Introduction should have somethnig about Male beagle dogs similarity to human

This part should be more aimed> In this study, relates to the manufacture of EMP loaded dual release mini-tablet polycap (DR polycap). Specifically, mini-tablet core formulations containing EMP are prepared and evaluated. The core was coated with ELD-55 as 1 st release mini-tablet or ES100/EL-100 as 2 nd release, respectively. An additional inner coating was required between the core and controlled release coating layer to ensure stability. 1 st release mini-tablet and 2 nd mini-tablet were characterized by in vitro release test and internal and external morphology by using scanning electron microscopy (SEM). The DR polycap is prepared by filling hard capsules with an optimized combination of each mini-tablets (Figure 1).

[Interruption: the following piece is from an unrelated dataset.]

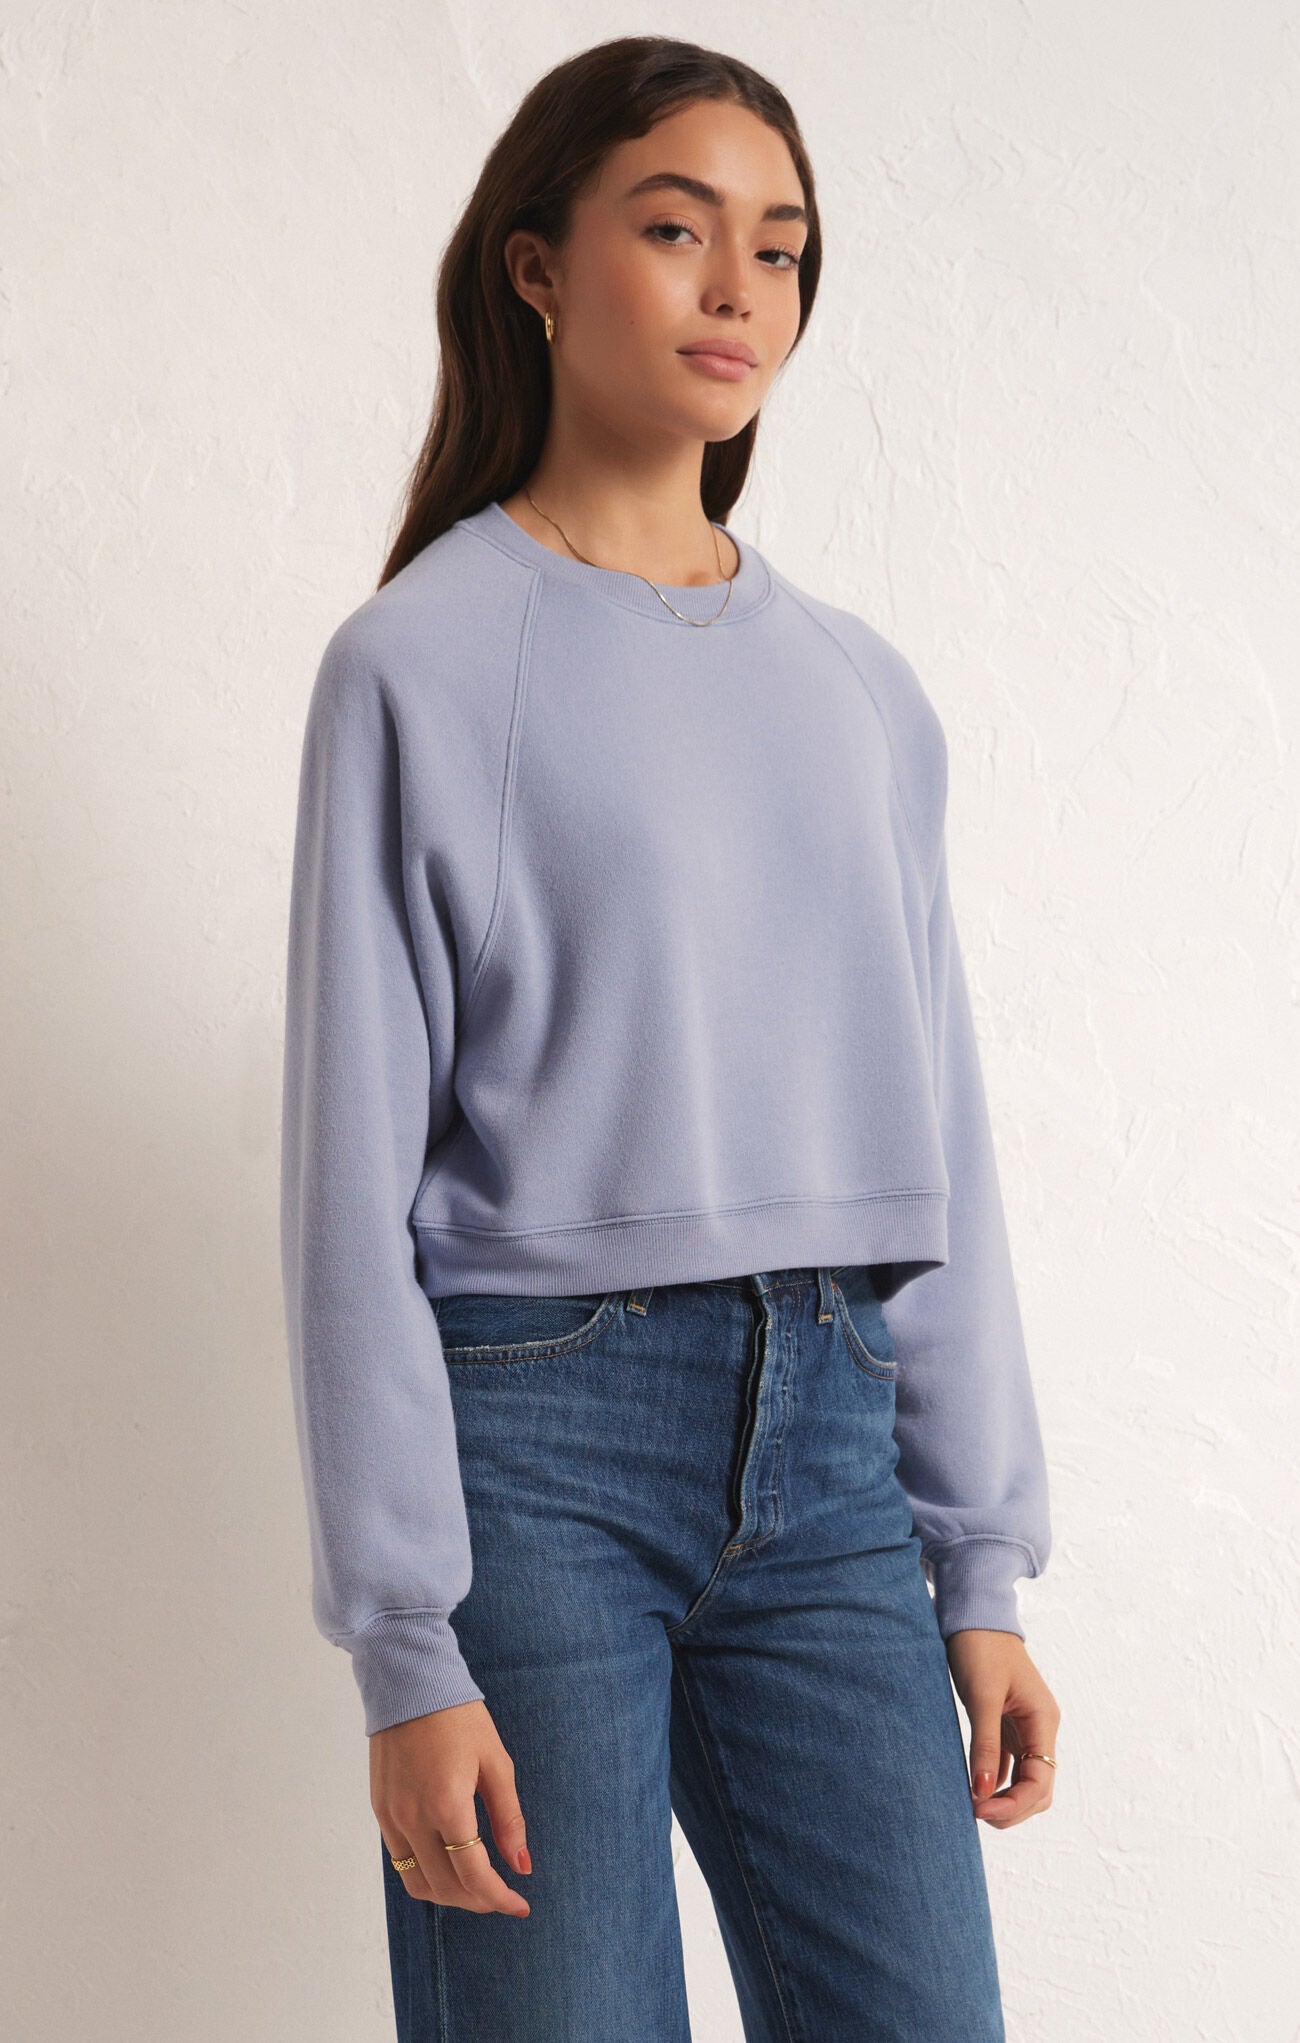 Z Supply Crop Out Stormy Sweatshirt

In vivo pharmacokinetic (PK) study was performed for comparing commercial product and prepared DR polycaps with fasting conditions beagle dogs.

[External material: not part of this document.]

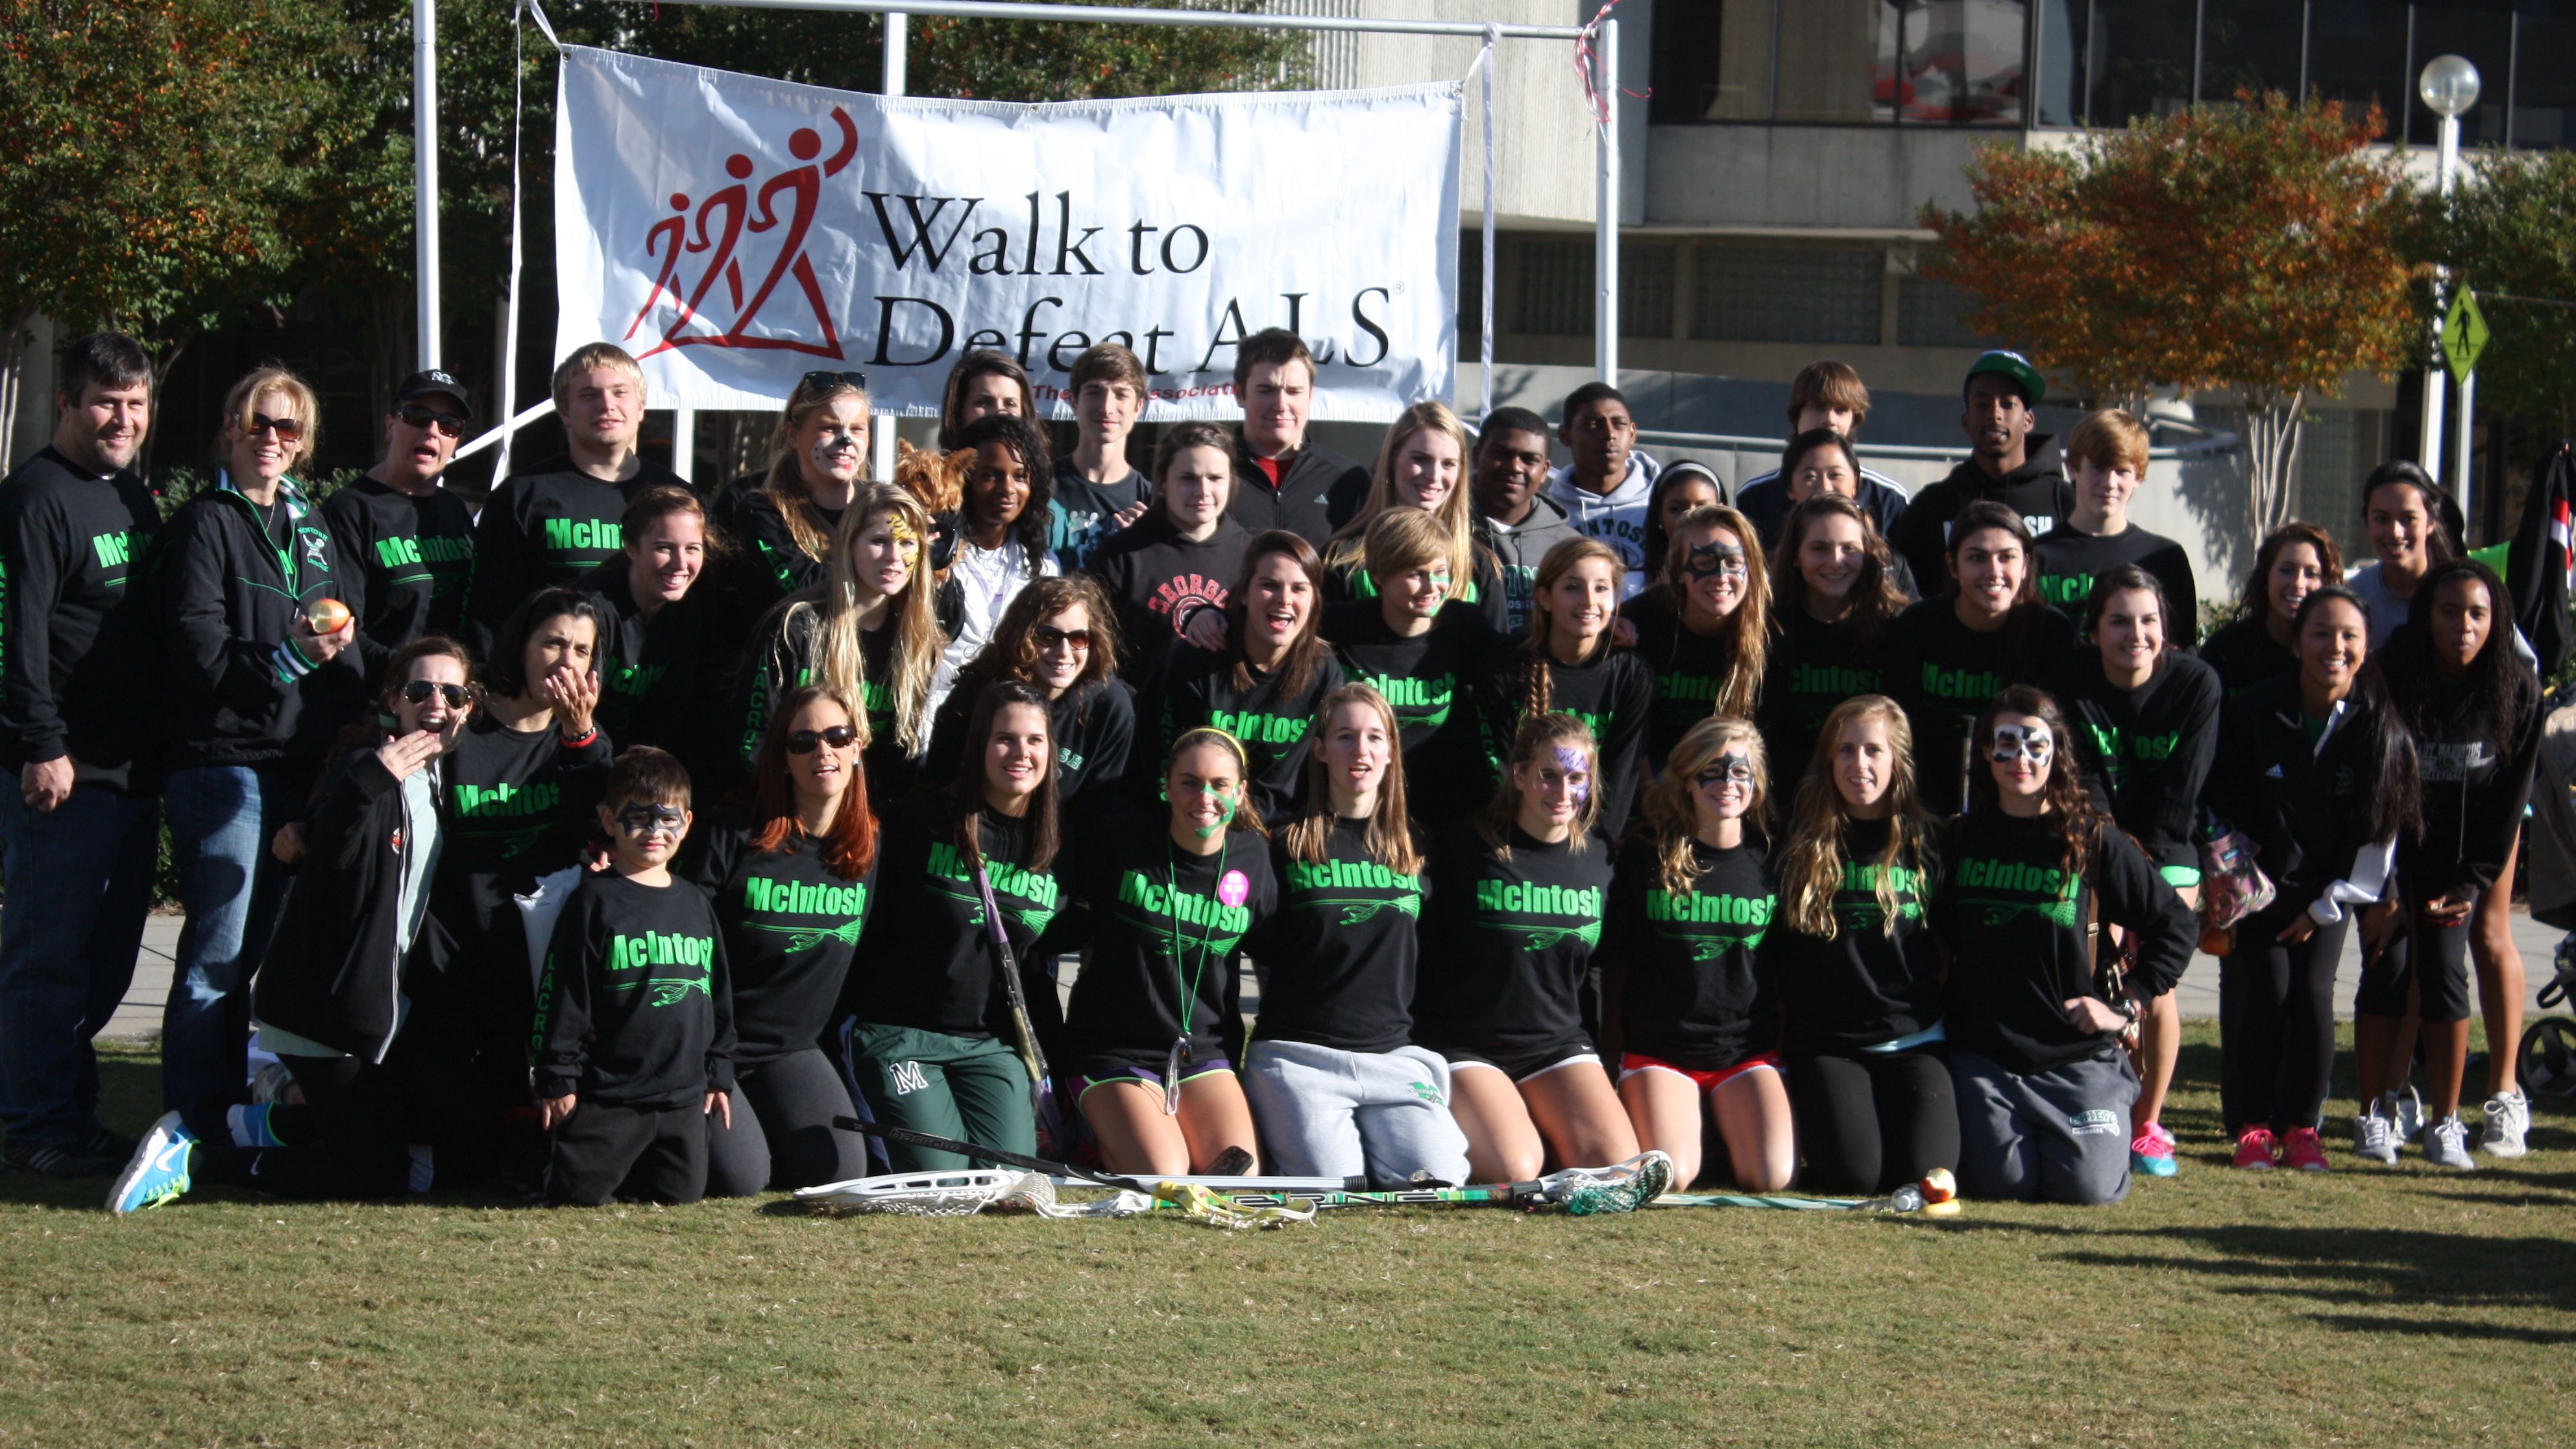 The McIntosh High School Girls Lacrosse team raise money for the ALS Association at their annual Walk to Defeat ALS event.

Polysorbat 80 surfantant/typo mistake page 6

HPLC method>pH 7.3 phosphate molarity is not reported, it should be stated

selectivity, sensitivity, linearity, accuracy, precision and recovery according - is there supplementary material 

elimination constant (Kel)/---number of time points and what points were selected should be stated

table 2 and 3 are 1ts and snd release minitablet formulation----it is not clearly stated

how formulation of mintablets for DR caps were selected should be more clearly stated

Table 5 was not confirmed that there is no sticking or capping (tabletability value is needed for that) just that flowability is good. Rewrite that text.

core characterisation should be done as well as minitablets

Release profile studies were performed at 25 rpm in Phosphate buffer (pH 6.8), and each formulas profiles are shown in Figure 3.  ------there is no explanation previously for this

Generally work is well written but it should be better organised. In introduction add smth abot human - dog GI similarity. Aim should be shorter. Methodology is not cleary written it should be reorganised.

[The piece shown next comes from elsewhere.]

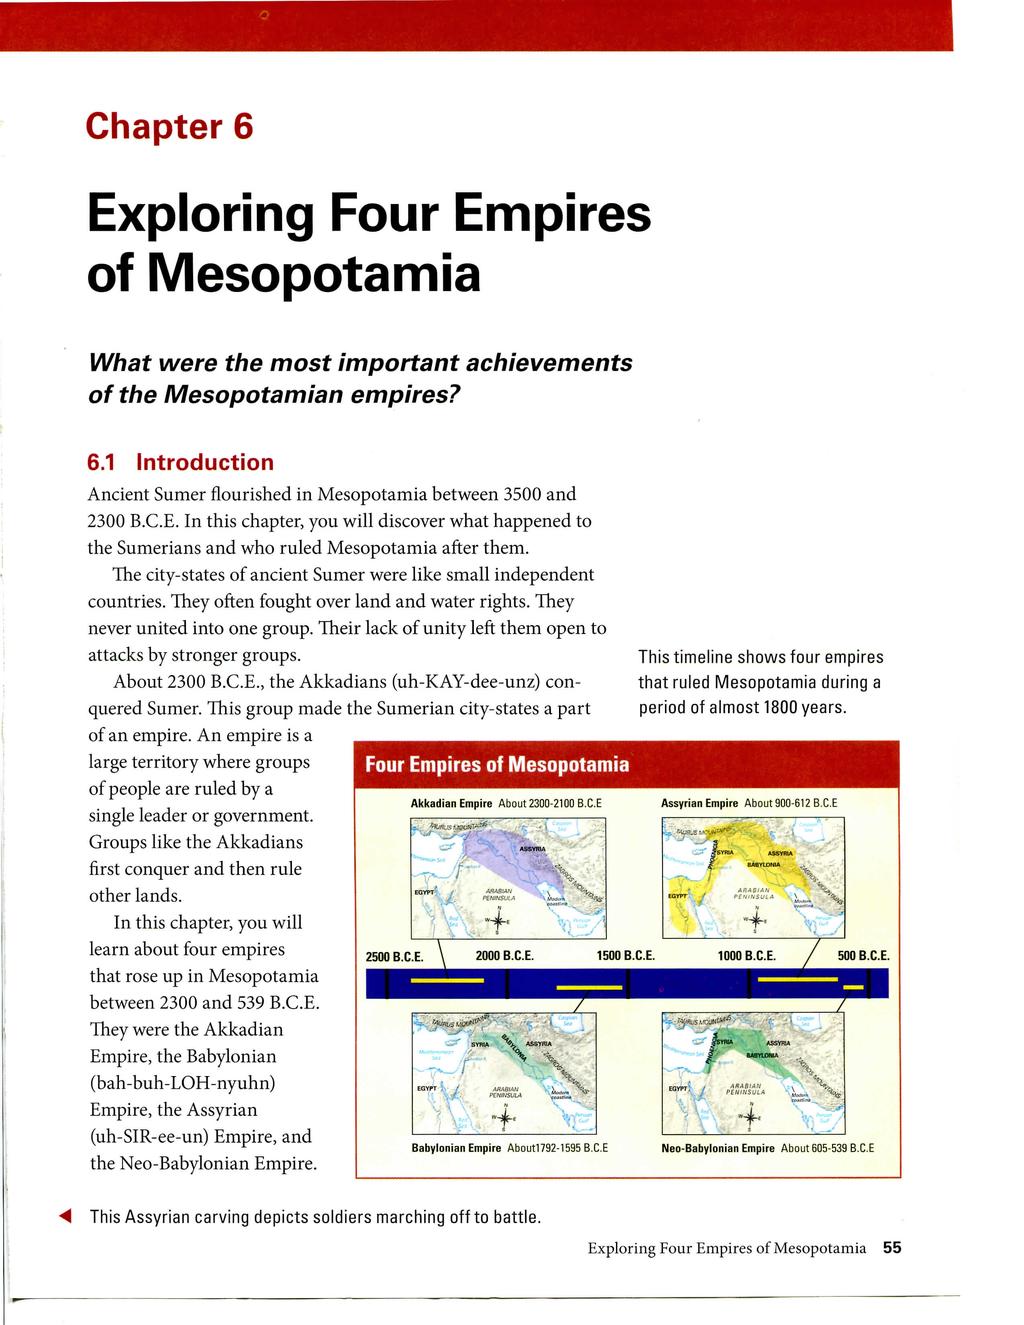 Chapter 6 Exploring Four Empires of Mesopotamia What were the most important of the IVlesopotamian empires? achievements 6.

I understand that complex work is hard to write but this work i great thus just structure it better.

Best of luck

Author Response

Thank you for your thorough review and salient observations of this manuscript and for the comments and suggestions, which help to improve the quality of this manuscript. Our response follows.

Author Response File: Author Response.docx

Round 2

Reviewer 2 Report

There are no further comments.

Reviewer 3 Report

The authors improved their manuscript significantly and exhaustively answered the referee's concerns. The manuscript is suitable for publication.